A boss fight is a tactical encounter as well. If you want tactical difficulty, and make strategic depth limited....then you have to depend on things like boss fights, where the rules of the fight are -not- equal. starsector has always been build on the melee and the strategic however. The fleet screen's command point limits removed it from becoming a flat out RTS, focusing on your piloting and the resources you have to play more than how they are commanded directly. It's why fights are more "even" akin to an Xcom fight, over a more asynchronous fight of difference rules like RPG bosses or AI Fleet Command.

The campaign numbers and states -are- your strategy. to weaker or remove the strategy is to remove a large part of the context that make battles mean something. I am still writing my post on mission balancing so I'll save that for then, but to weaken is would make the battle weak. I am afraid to fight larger fleets and take appropriate precautions because the fleet losses I might take are severe enough to make me scream "no! Bastard!" in anger when my fellow man is lost and take 200k credits with him. I know my priorities.

Okay, I'm not getting into an argument on which is better, but boy....you have an uphill battle trying to defend a game whose tactical depth has been proven to have the same effect as chess(where amateurs and pros are not playing the same game due to seeing entirely different scales of moving resources) with an RPG series that has quite a few issues in horrid balancing and outright cheating AI. But the praise also undoes your demand. The AI cheats. It's also in a field, like starsector, where your opponent and you have the same rules....presumably. Starsector the enemy just has strategic difficulty for context to the fight, FFT, the AI cheats horridly to force you to be at such a disadvantage you have to play "find the exploit" to win. I'm being hyperbolic but....my point remains

I'm actually writing a post where I make very clear the issue should -not- be tactical weakness, but strategic difficulty. It should be hard to maintain your forces while keeping fair sane jobs you can complete without severe losses. It plays to the strengths of starsector, where loss is expensive and your logistic resources are proper to managing a fleet on part with an fully funded navy. The -last- thing I want to see if starsector go down the path of Etrian Odessey where the final boss basically requires you have X classes with Y abilities because anything else gets you killed and the choice of class is a total lie.

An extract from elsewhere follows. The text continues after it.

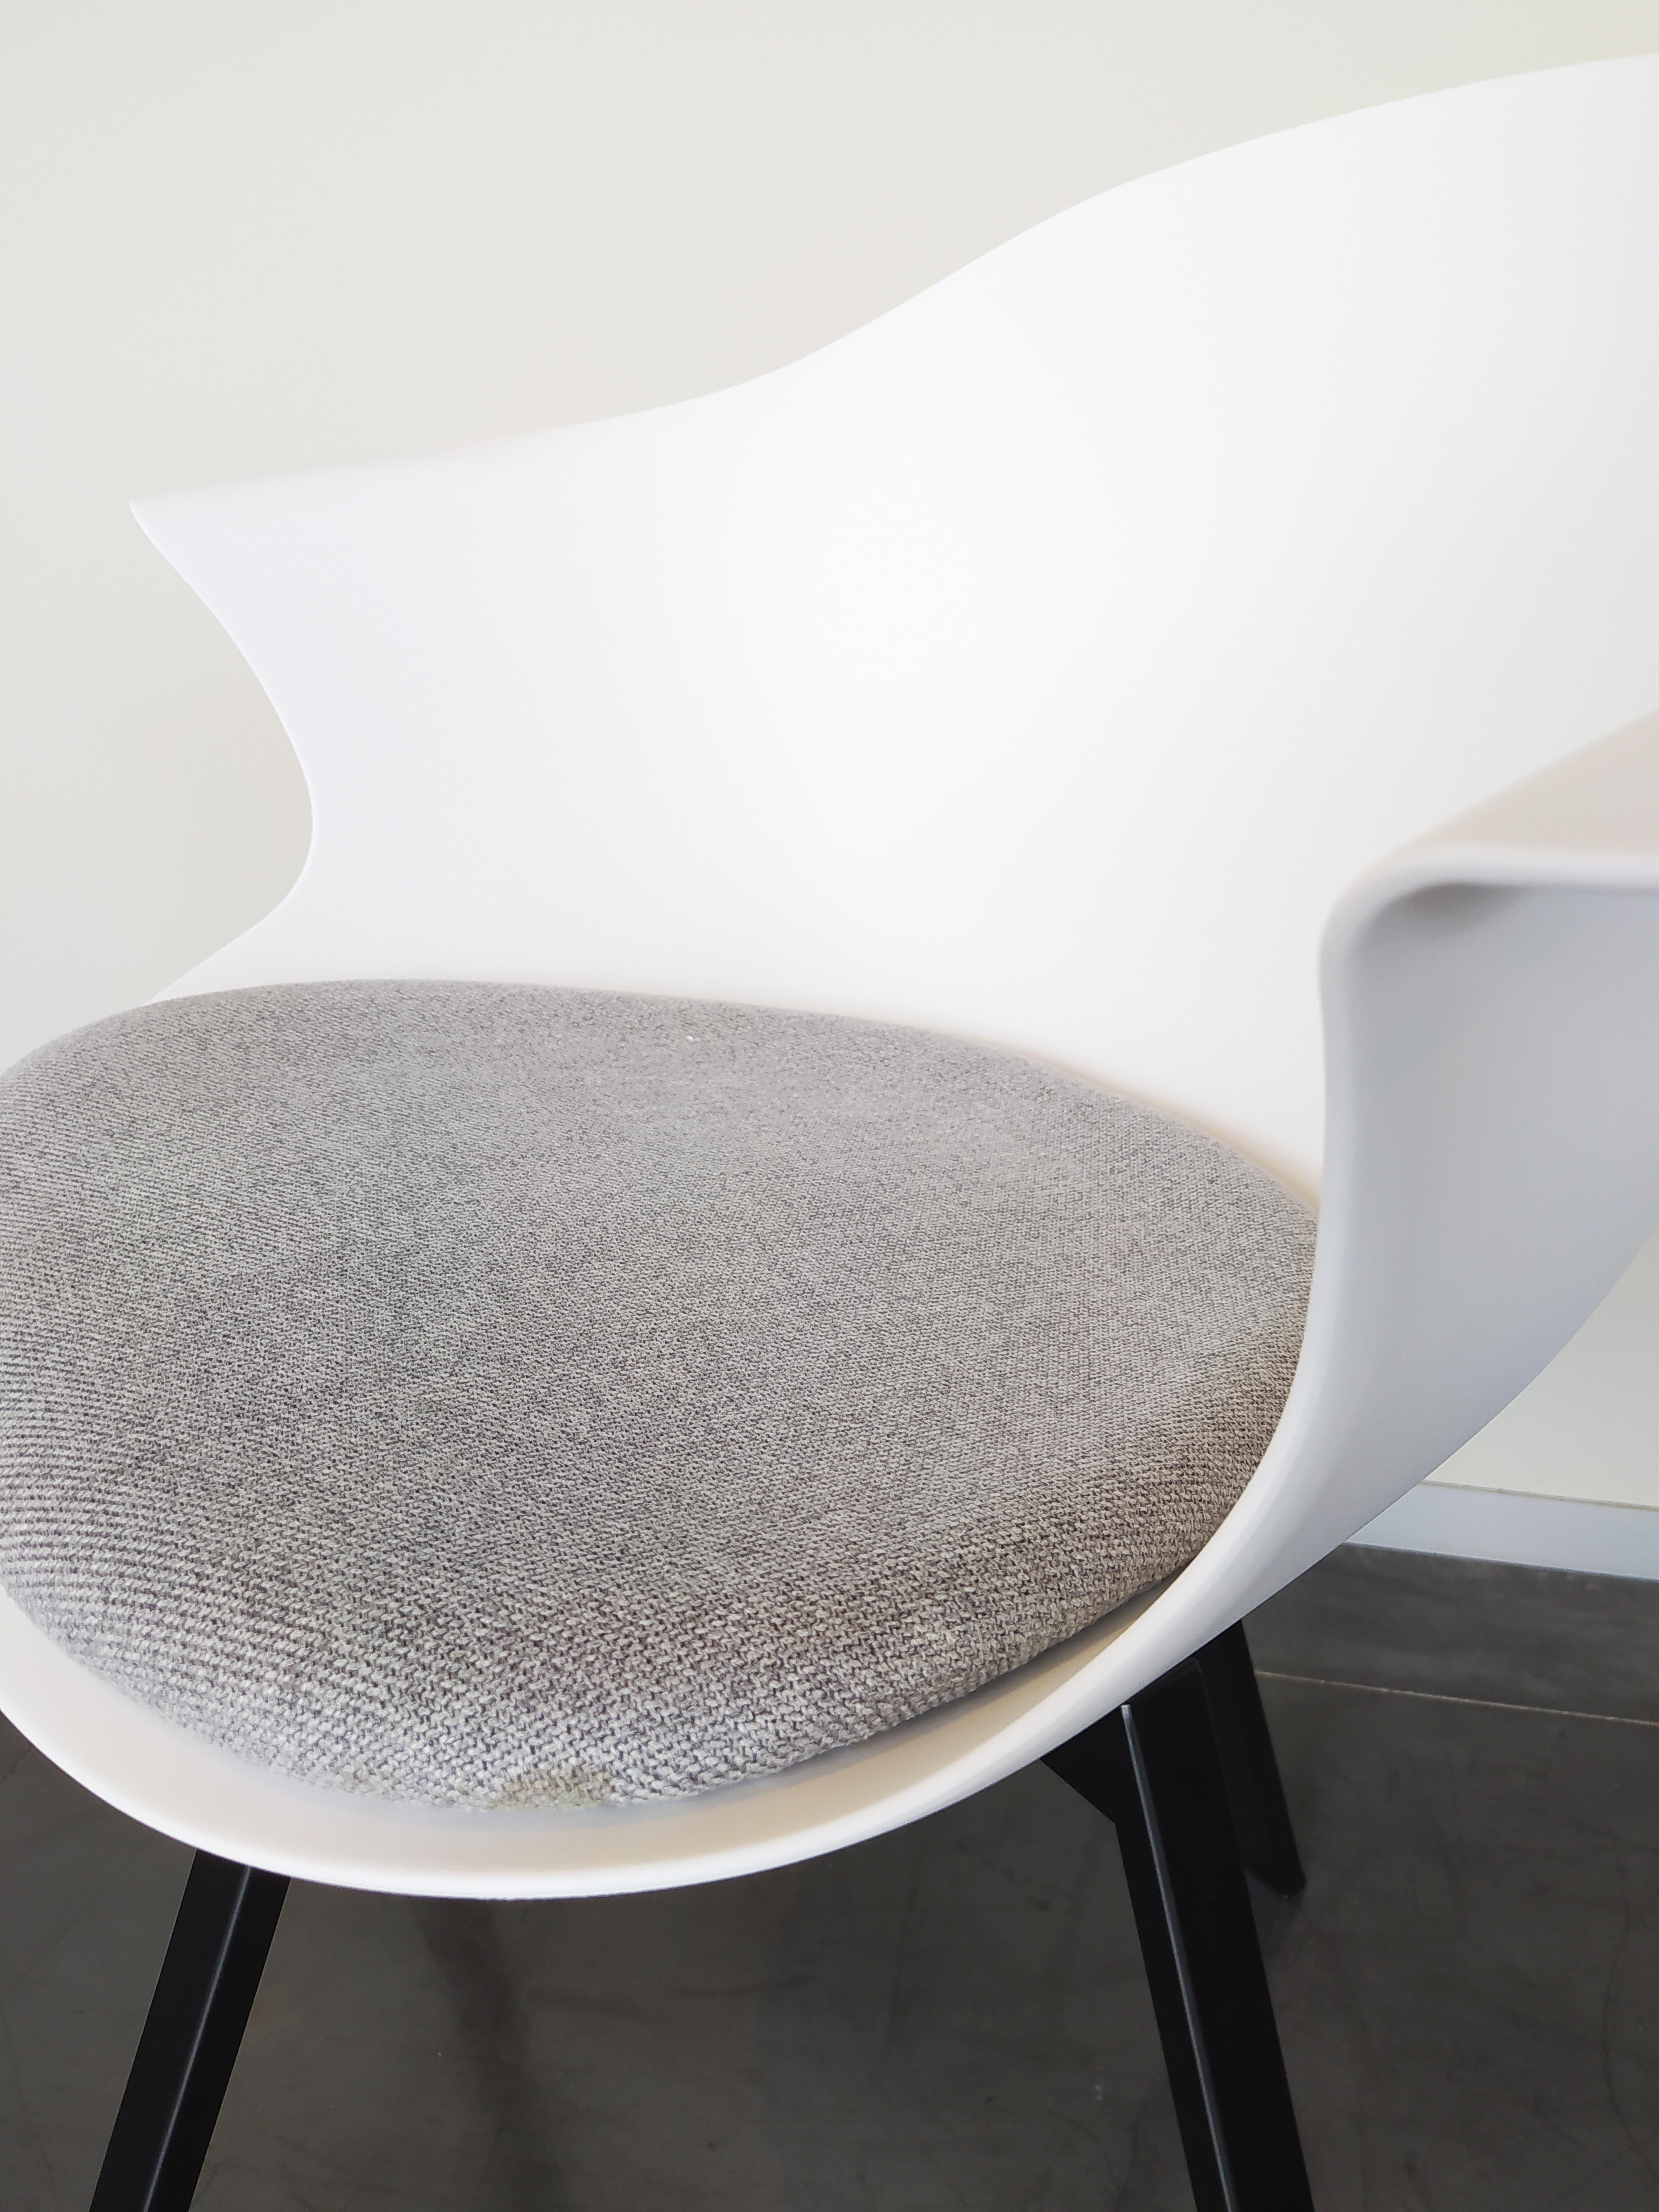 Evolution-hasselt-interieurwinkel-meubelen-design-stoelen-ohio-kuip-chair-detail-2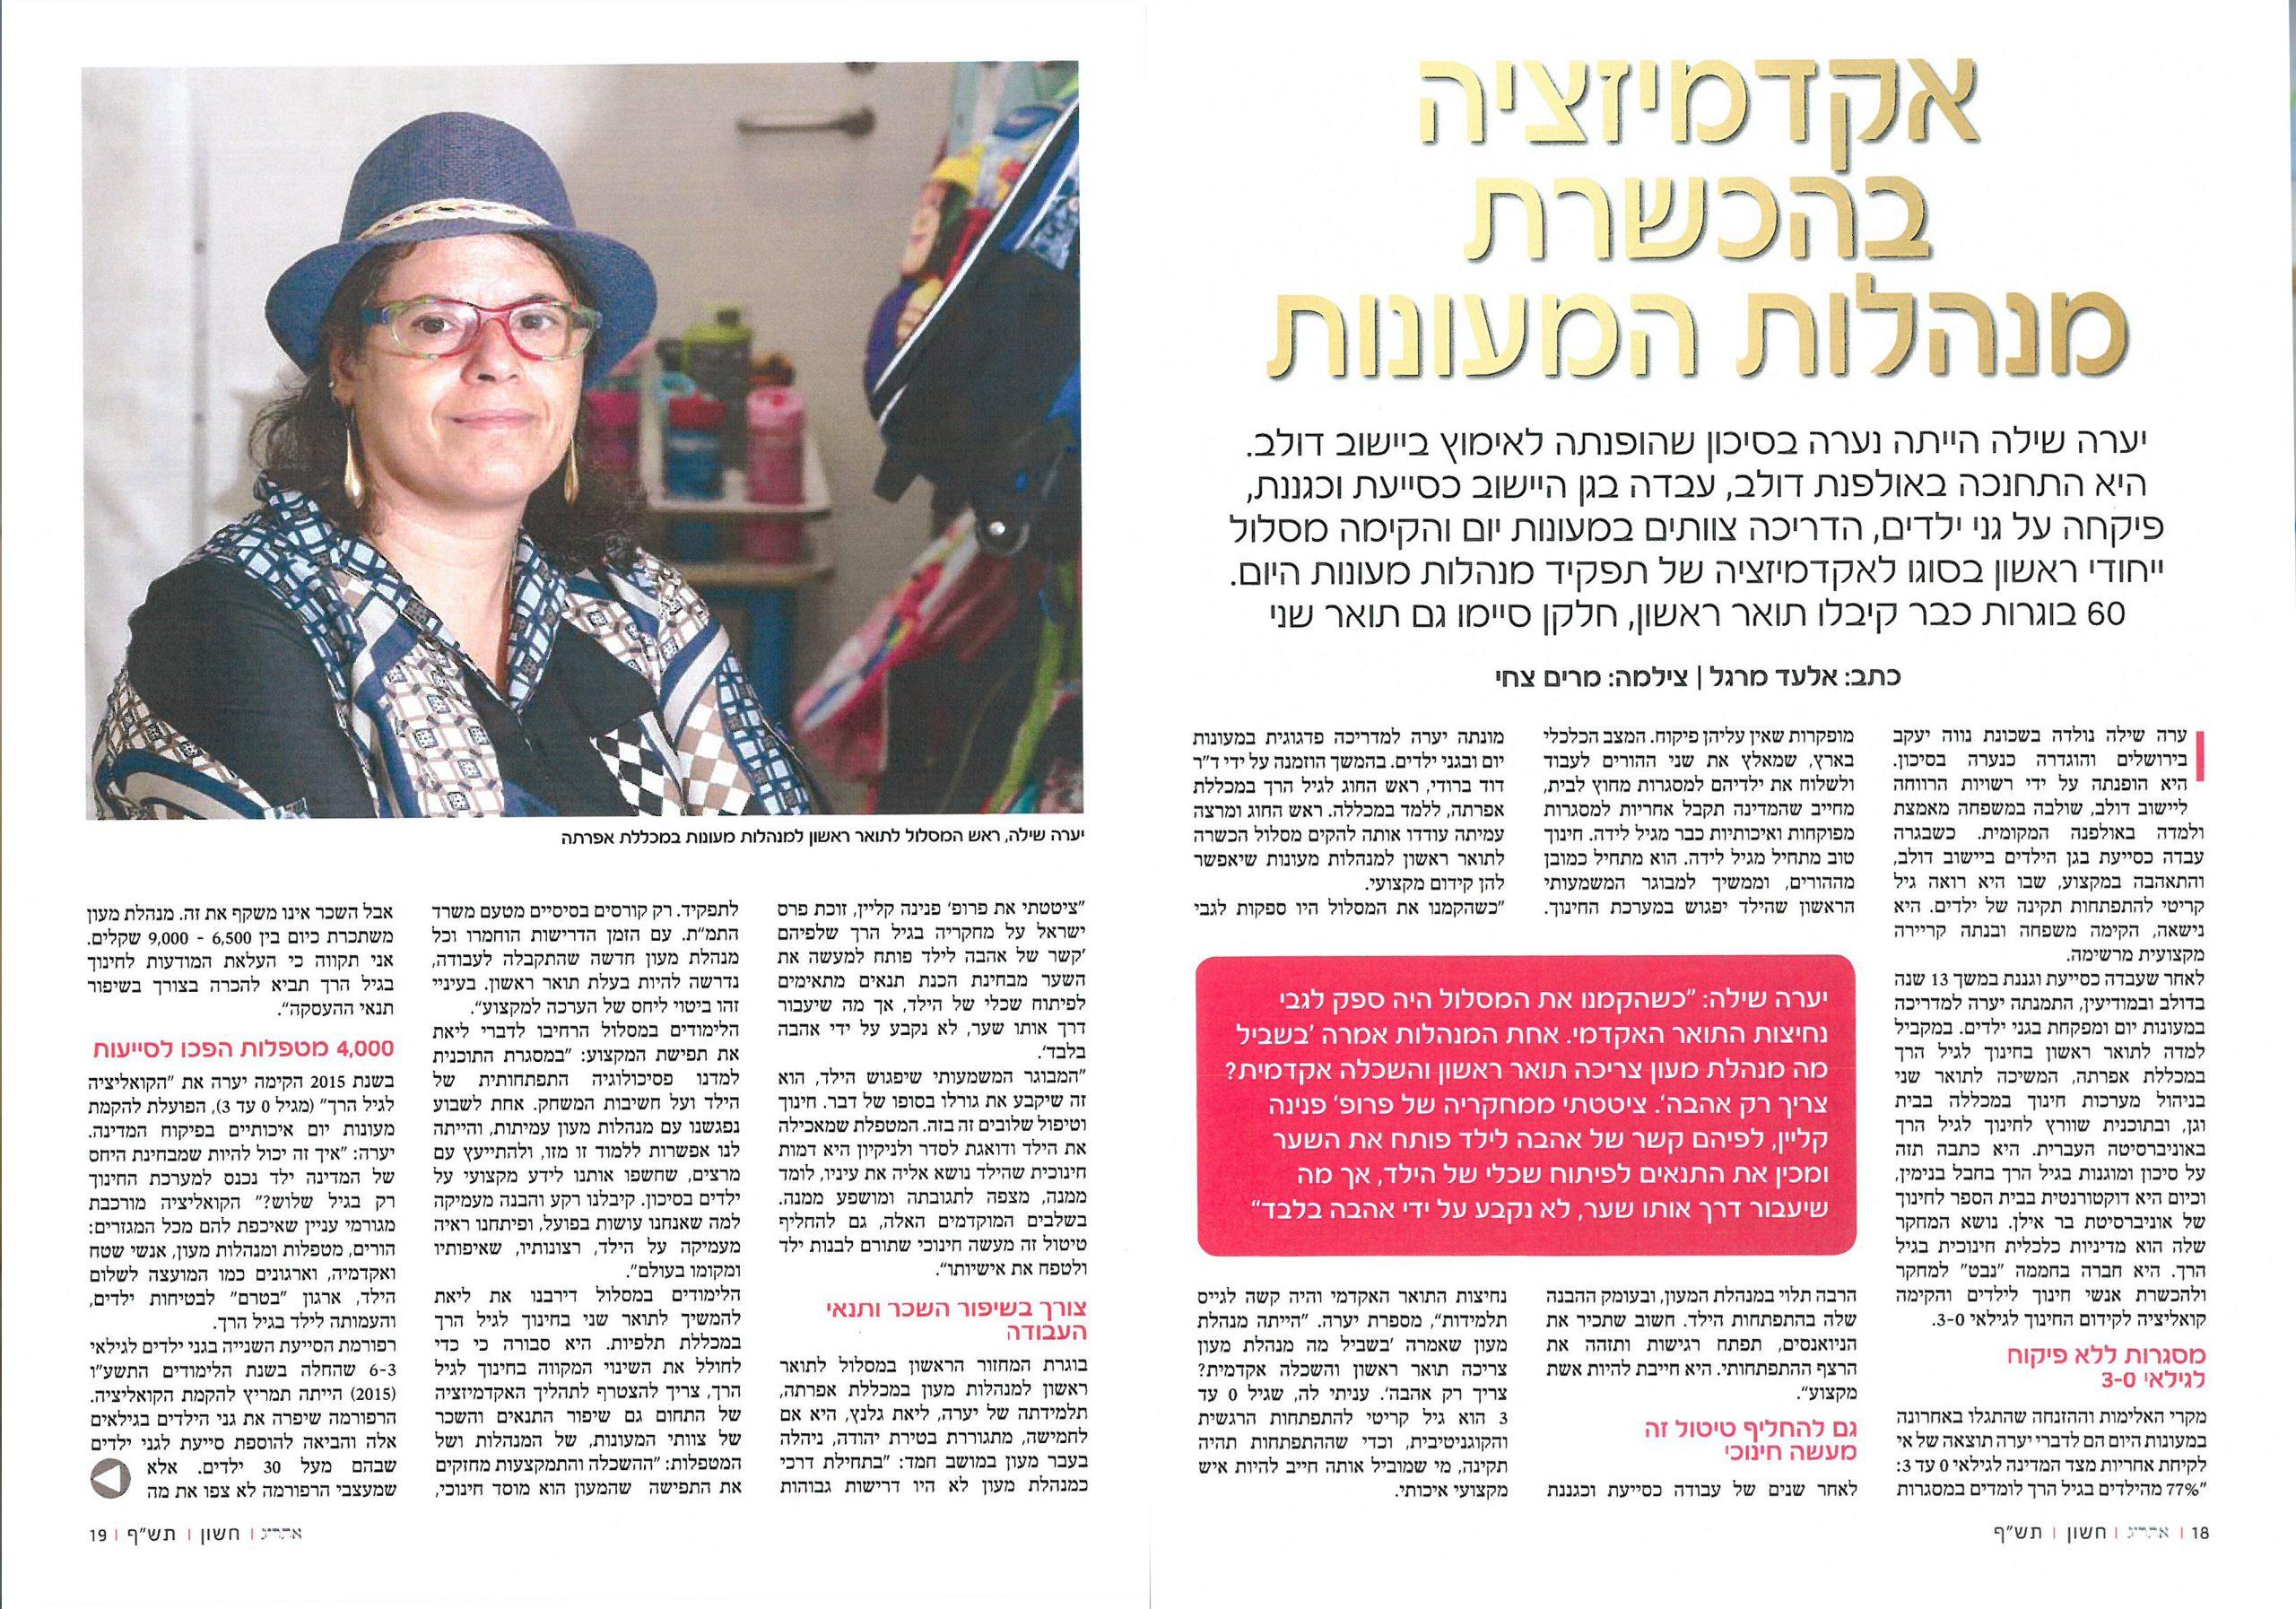 יערה שילה כתבה עליי באתרוג | מומחית לגיל הרך, מייסדת 'חינך מלידה' ומרצה בנושא חינוך

Now as for your "battle channels" fix. We call this terrain and geography. We are in space on a 2-d rendered plane. Please explain to me what kind of geography we could possibly have. The resources to make multi-layered terrain would be astronomical and would have to have been done during the period the strategic map didn't exist, since it would require entirely re-tooling every single ship and weapon without exception, and would -severely- limit the combat arenas. FFT, and RPGs like Fire Emblem for that matter, can have scripted terrain because the players can be forced to fight in that terrain by not having direct control of an avatar character. This would not exist for starsector and it run into the issue Mount and Blade has. How do you make a string of extensive complicated multi-level terrain when fights can happen in open plains in the middle of nowhere, like in deep space. You can't without breaking all immersion and just forcing every single fight to randomly be moved to some abandon star station littered all over the sector for no reason. And -none- of this plays to what Starsector has in it.

And when it comes down to it, none of this is about difficulty. I wrote this whole thing and only -now- realized it's about your dislike of the tactical field. You didn't even bring up strategy of any kind, or anything wrong with it. If you want battlefield terrain I can tell you why it's a bad idea in this game. But you seem to be misguided in the concept of what strategy versus tactics is, let alone the effect of and management of building terrain into the tactical map.